How heavy is that cloud? Why can you see farther in rain than in fog? Why are the droplets on that spider web spaced apart so evenly? If you have ever asked questions like these while outdoors, and wondered how you might figure out the answers, this is a book for you. An entertaining and informative collection of fascinating puzzles from the natural world around us, *A Mathematical Nature Walk* will delight anyone who loves nature or math or both.

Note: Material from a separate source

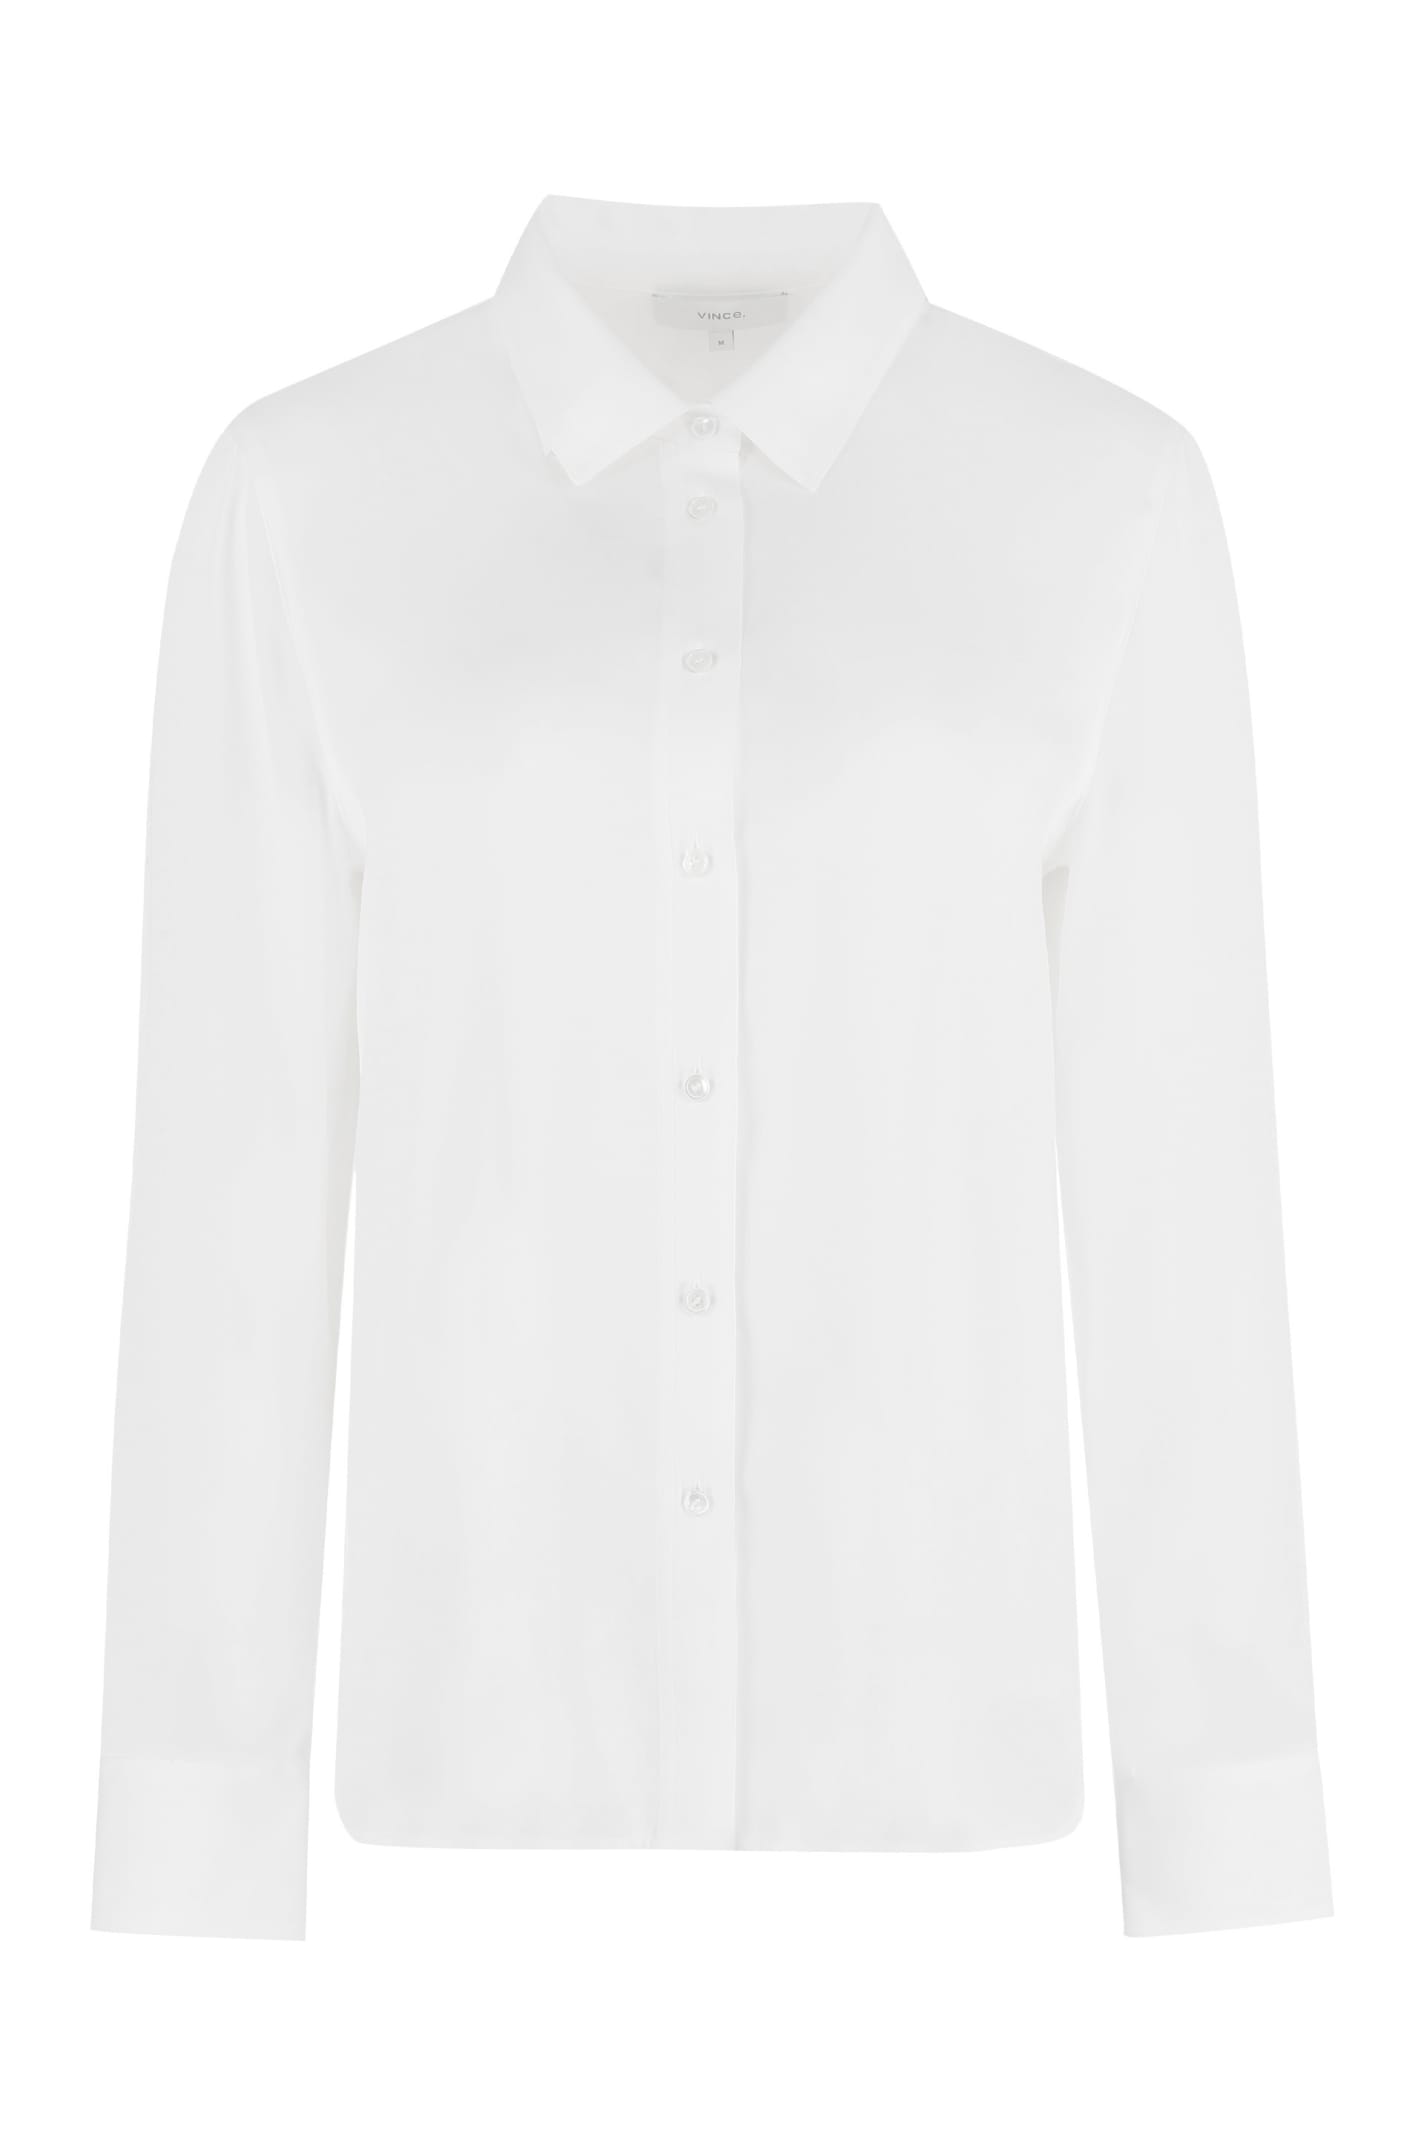 Vince Silk Shirt In White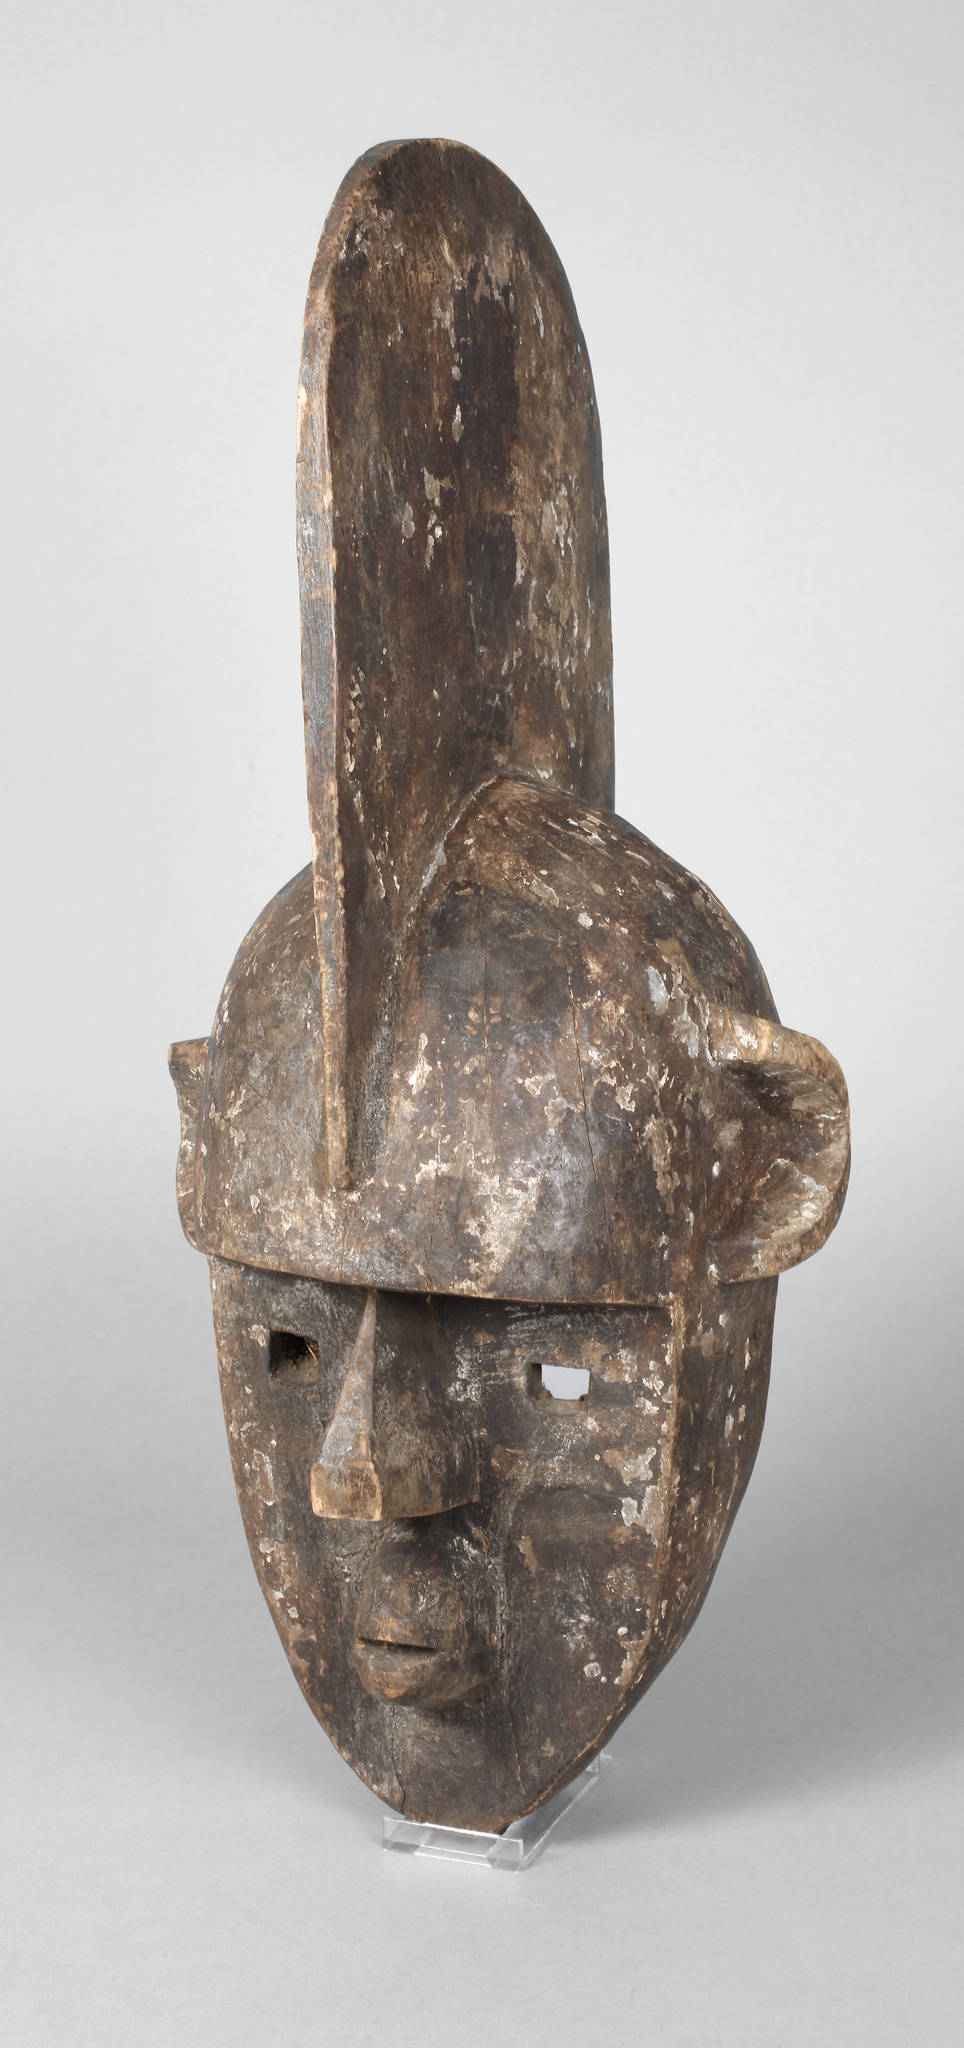 Kopfmaske Westafrika

John Adam presents ninety-six questions about many common natural phenomena--and a few uncommon ones--and then shows how to answer them using mostly basic mathematics. Can you weigh a pumpkin just by carefully looking at it? Why can you see farther in rain than in fog? What causes the variations in the colors of butterfly wings, bird feathers, and oil slicks? And why are large haystacks prone to spontaneous combustion? These are just a few of the questions you'll find inside. Many of the problems are illustrated with photos and drawings, and the book also has answers, a glossary of terms, and a list of some of the patterns found in nature. About a quarter of the questions can be answered with arithmetic, and many of the rest require only precalculus. But regardless of math background, readers will learn from the informal descriptions of the problems and gain a new appreciation of the beauty of nature and the mathematics that lies behind it.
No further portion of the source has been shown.